The log-likelihood function of equation (4) is

$$\begin{eqnarray}L&=&\ln P(A\vert \omega ,\theta )=\ln P(E\vert \omega ,\theta ) \nonumber \\ &=&\sum _{E_{ij} \in E} {\left \{ {E_{ij}^{+} \ln \left (\sum _{rr} {\omega _{rr} \theta _{ri} \theta _{rj} } \right )+E_{ij}^{-} \ln \left (\sum _{rs(r\ne s)} {\omega _{rs} \theta _{ri} \theta _{sj} } \right )} \right \}}.\label {eq5} \end{eqnarray} \tag{ 5 }$$

This is usually converted to an expected log-likelihood function as equation (6) using the Jensen inequality because it is difficult to be optimized directly:

$$\begin{eqnarray} &&L=\sum _{E_{ij} \in E} {\left \{ {E_{ij}^{+} \ln \left (\sum _{rr} {\omega _{rr} \theta _{ri} \theta _{rj} } \right )+E_{ij}^{-} \ln \left (\sum _{rs(r\ne s)} {\omega _{rs} \theta _{ri} \theta _{sj} } \right )} \right \}} \nonumber \\ &&\qquad \ge \sum _{rr} {P(r,r\vert E^{+},\omega ,\theta )\ln P(E^{+}\vert r,\omega ,\theta )} \nonumber \\ &&\qquad +\, \sum _{rs(r\ne s)} {P(r,s\vert E^{-},\omega ,\theta )\ln P(E^{-}\vert r,s,\omega ,\theta )} \nonumber \\ &&\quad =\sum _{E_{ij} \in E^{+}rr} {q_{ijrr} E_{ij}^{+} (\ln \omega _{rr} +\ln \theta _{ri} +\ln \theta _{rj} )} \nonumber \\ &&\qquad +\,\sum _{E_{ij} \in E^{-}rs(r\ne s)} {Q_{ijrs} E_{ij}^{-} (\ln \omega _{rs} +\ln \theta _{ri} +\ln \theta _{sj} )} , \label {eq6} \end{eqnarray} \tag{ 6 }$$

where q_ijrr = P(r, r|E⁺, ω, θ) and Q_ijrs(r≠s) = P(r, s|E⁻, ω, θ) respectively denote the probabilities of a positive link from a community r and a negative link from different communities r and s.

In the E step, the algorithm calculates the posterior probabilities of hidden variable(r^', s^') (i.e., q_ijrr and Q_ijrs(r≠s)) using ω and θ. They can be calculated by

$$\begin{eqnarray} &&q_{ijrr} =P(r\vert E^{+},\omega ,\theta ) \nonumber \\ &&=\frac {P(r,E^{+}\vert \omega ,\theta )}{P(E^{+}\vert \omega ,\theta )} \nonumber \\ &&=\frac {\omega _{rr} \theta _{ri} \theta _{rj} }{\sum _{rr} {\omega _{rr} \theta _{ri} \theta _{rj} } } \label {eq7} \end{eqnarray} \tag{ 7 }$$

$$\begin{eqnarray}&&Q_{ijrs(r\ne s)} =P(r,s\vert E^{-},\omega ,\theta ) \nonumber \\ &&=\frac {P(r,s,E^{-}\vert \omega ,\theta )}{P(E^{-}\vert \omega ,\theta )} \nonumber \\ &&=\frac {\omega _{rs} \theta _{ri} \theta _{sj} }{\sum _{rs(r\ne s)} {\omega _{rs} \theta _{ri} \theta _{sj} } } . \label {eq8} \end{eqnarray} \tag{ 8 }$$

In the M step, the algorithm re-estimates ω and θ using q_ijrr and Q_ijrs from the E step.
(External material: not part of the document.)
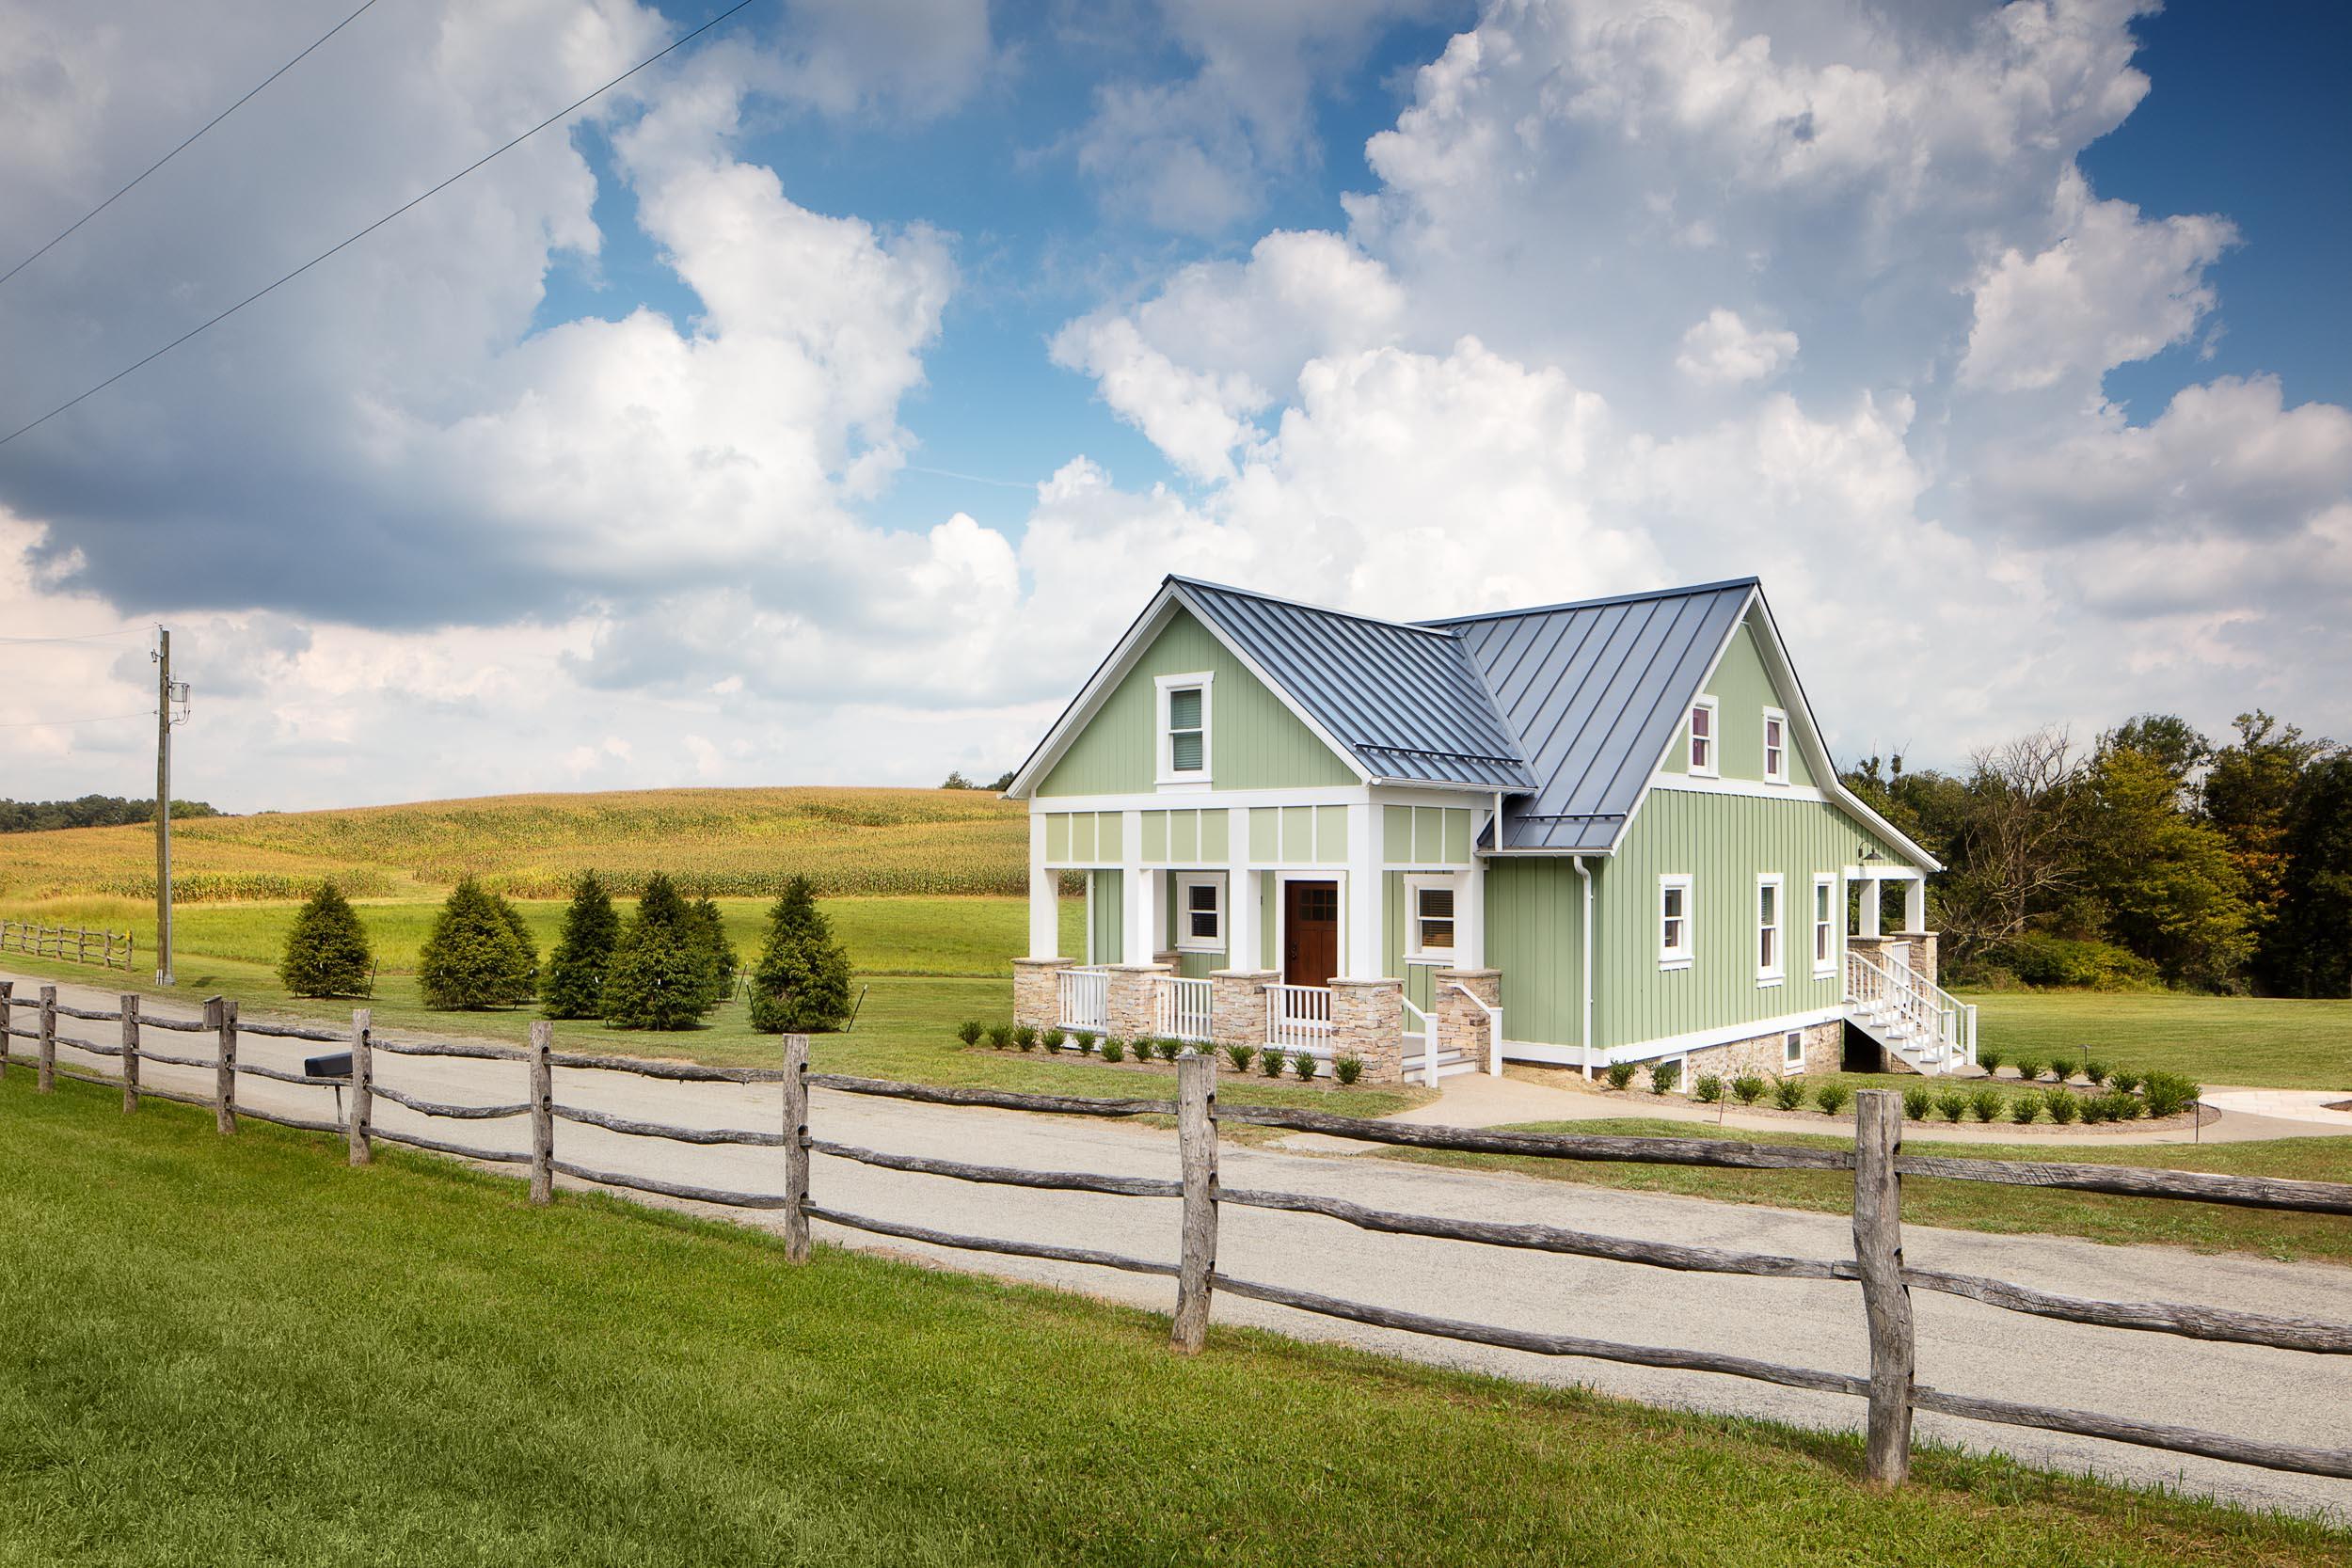 home_barn_upscale_country_grealish-10.jpg
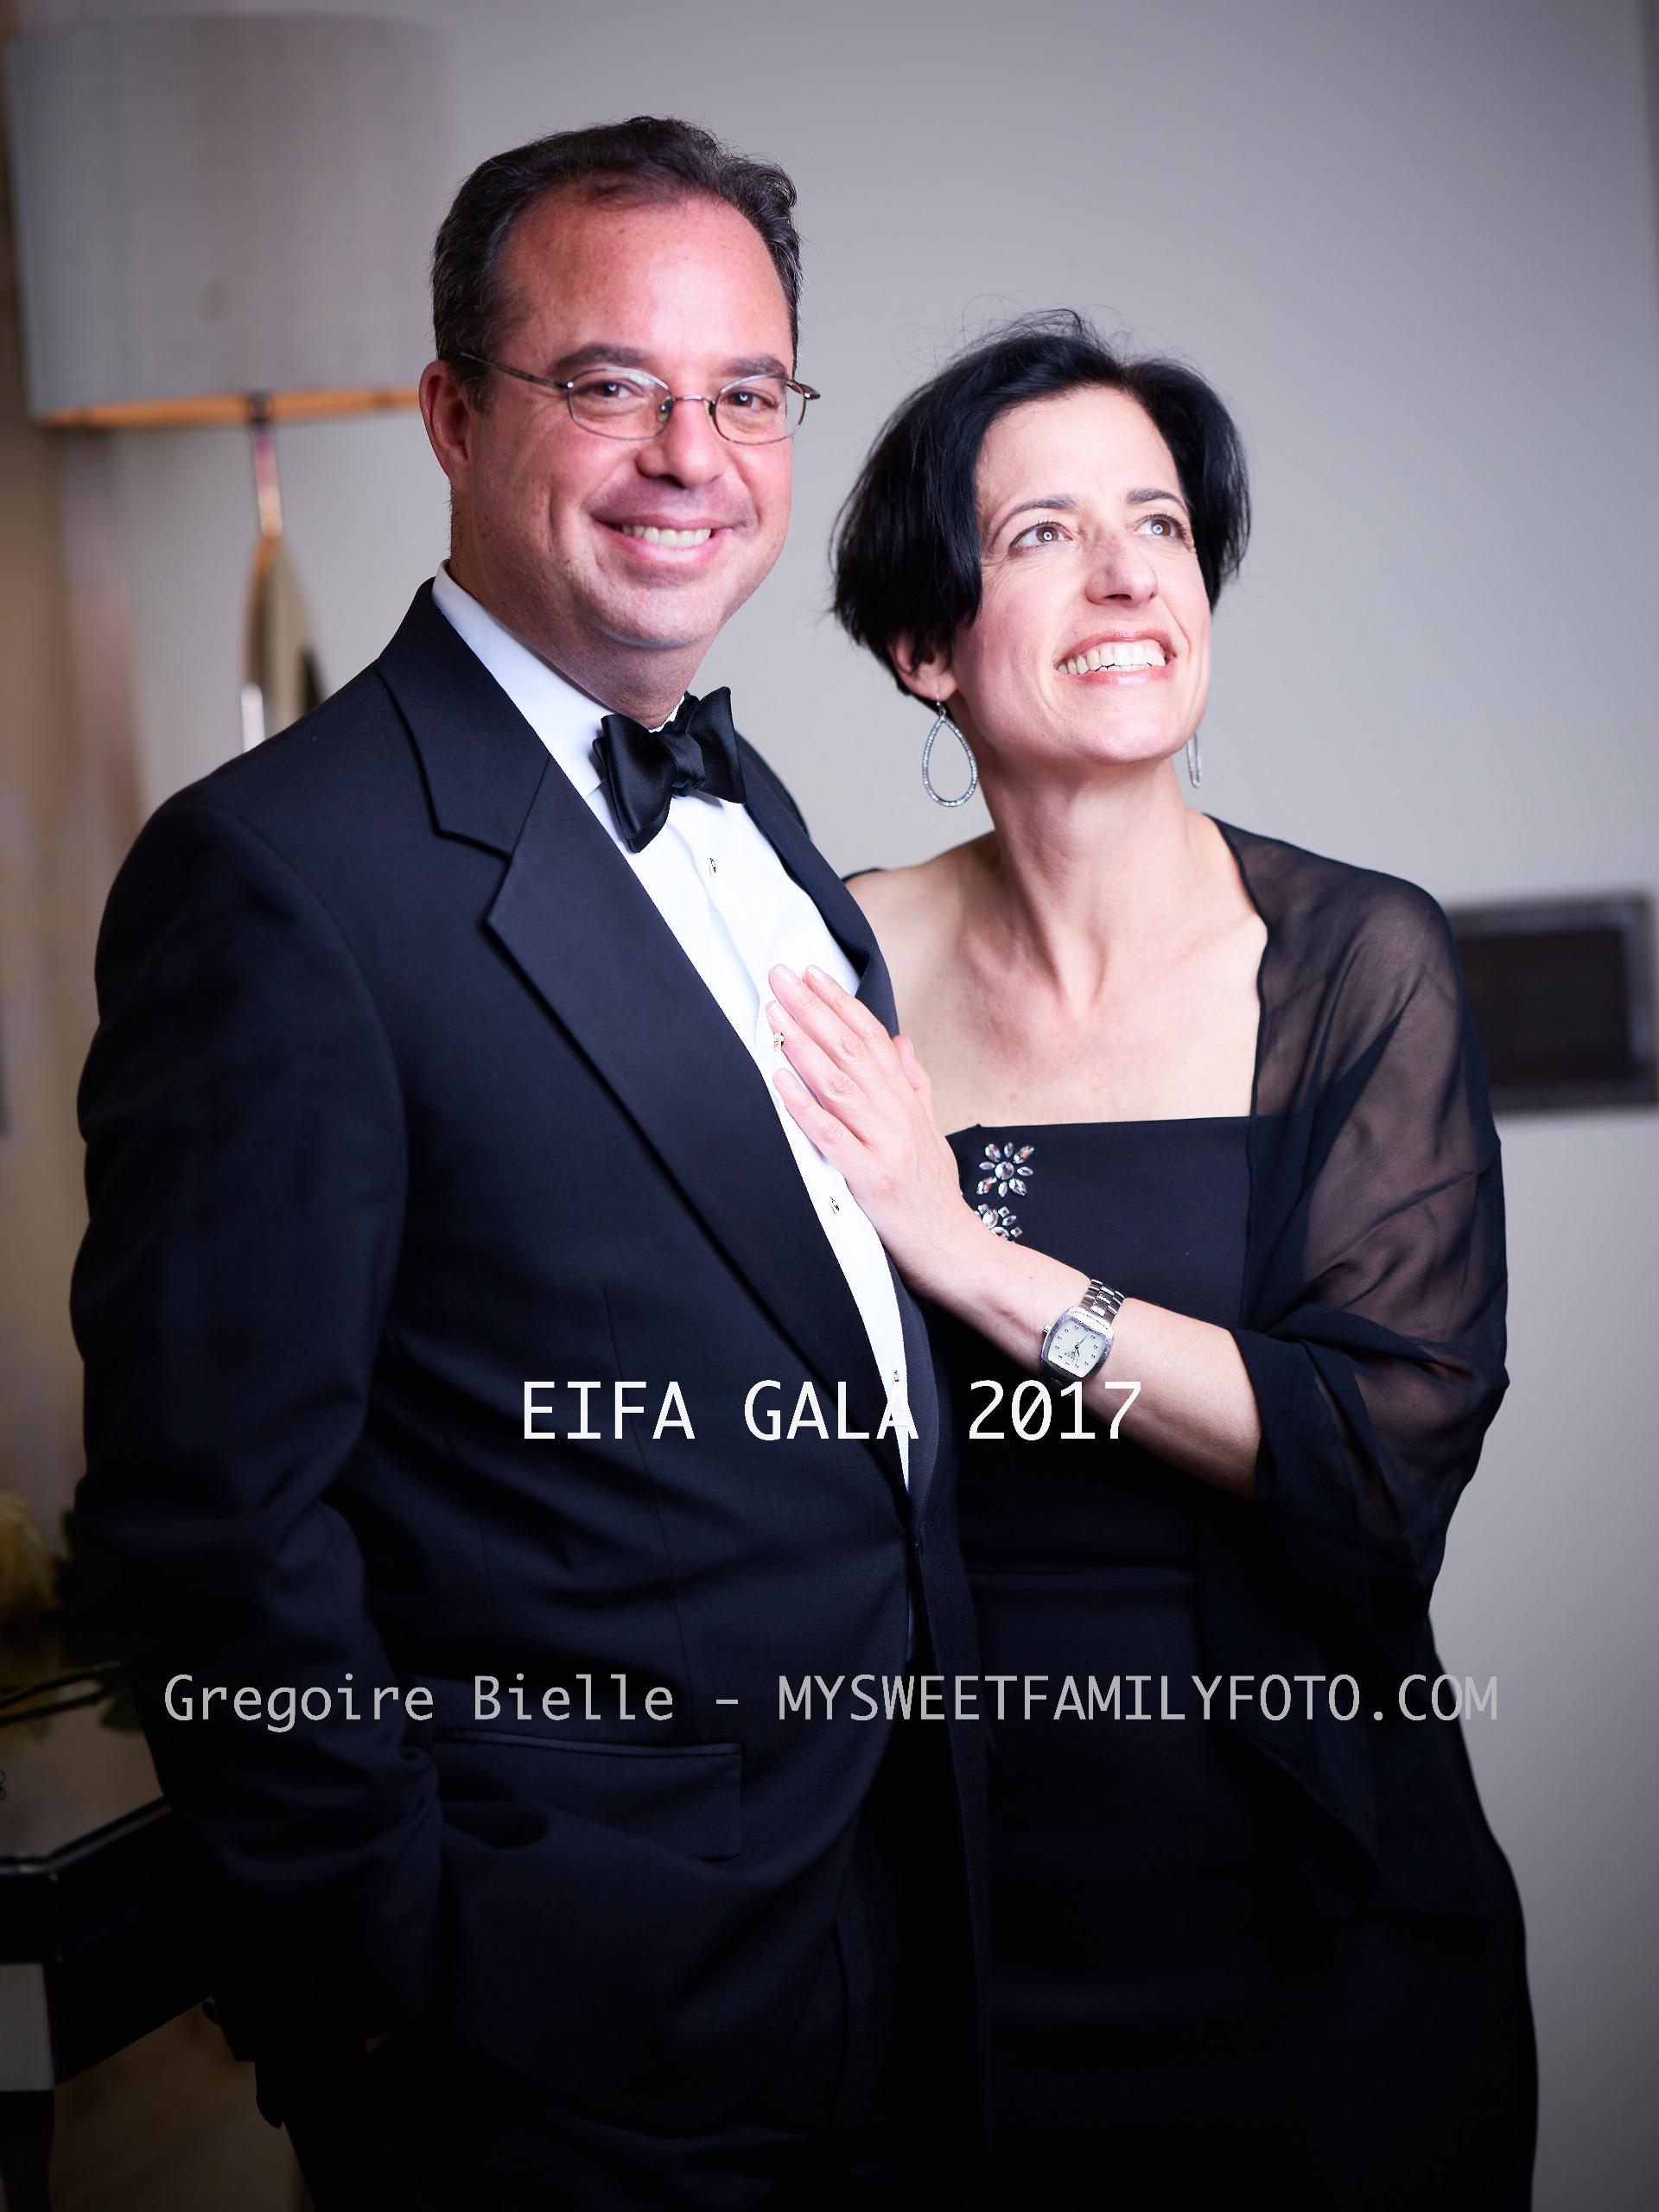 EIFA GALA 1267.jpg

To estimate ω and θ, we optimize the expected log-likelihood function in equation (6). Considering that ∑ _rrω_rr + ∑ _rs(r≠s)ω_rs = 1 and ∑ _iθ_ri = 1, we obtain the Lagrange form of equation (6) as follows:

$$\begin{eqnarray} &&\tilde {L} =\sum _{E_{ij} \in E^{+}_{rr}} {q_{ijrr} E_{ij}^{+} (\ln \omega _{rr} +\ln \theta _{ri} +\ln \theta _{rj} )} \nonumber \\ &&+\, \sum _{E_{ij} \in E^{-}_{rs}(r\ne s)} {Q_{ijrs} E_{ij}^{-} (\ln \omega _{rs} +\ln \theta _{ri} +\ln \theta _{sj} )} \nonumber \\ &&+\, \rho \left (1-\sum _{rr} {\omega _{rr} } -\sum _{rs(r\ne s)} {\omega _{rs} } \right ) + \sum _{rr} {\gamma _{r} \left (1-\sum _i {\theta _{ri} } \right )} , \label {eq9} \end{eqnarray} \tag{ 9 }$$

where ρ, γ_r are the Lagrange multipliers. All parameters are derived by setting the derivative of $\tilde {L}$ to be 0:

$$\begin{eqnarray}&&\label {eq10} \begin{array}{l} \displaystyle {\omega _{rr} =\frac {\sum _{E_{ij} \in E^{+}} {q_{ijrr} E_{ij}^{+} } }{\sum _{E_{ij} \in E^{+}rr} {q_{ijrr} E_{ij}^{+} +\sum _{E_{ij} \in E^{-}rs(r\ne s)} {Q_{ijrs} E_{ij}^{-} } } }} \\ \displaystyle {\omega _{rs(r\ne s)} =\frac {\sum _{E_{ij} \in E^{-}} {Q_{ijrs} E_{ij}^{-} } }{\sum _{E_{ij} \in E^{+}rr} {q_{ijrr} E_{ij}^{+} +\sum _{E_{ij} \in E^{-}rs(r\ne s)} {Q_{ijrs} E_{ij}^{-} } } }} \\ \displaystyle {\theta _{ri} =\frac {\sum _j {q_{ijrr} E_{ij}^{+} +\sum _{js(r\ne s)} {Q_{ijrs} E_{ij}^{-} } } }{\sum _{E_{ij} \in E^{+}} {q_{ijrr} E_{ij}^{+} +\sum _{E_{ij} \in E^{-}s(r\ne s)} {Q_{ijrs} E_{ij}^{-} } } }} . \end{array} \end{eqnarray} \tag{ 10 }$$

Once the model parameters are estimated as in equation (10), the probability of node i belonging to community r denoted by α_ir, can be calculated by

$$\begin{equation} \label {eq11} \alpha _{ir} =\frac {\sum _s {\omega _{rs} \theta _{ri} } }{\sum _{rs} {\omega _{rs} \theta _{ri} } }. \end{equation} \tag{ 11 }$$

This means that a node can belong to several communities simultaneously. Therefore, the proposed model provides a soft-partition of the network with soft memberships of nodes, not a hard-partition. If we want to get a hard-partition, we can simply assign each node i to the community it most likely belongs to. That is r = argmax{α_1r, α_2r, ..., α_Kr}.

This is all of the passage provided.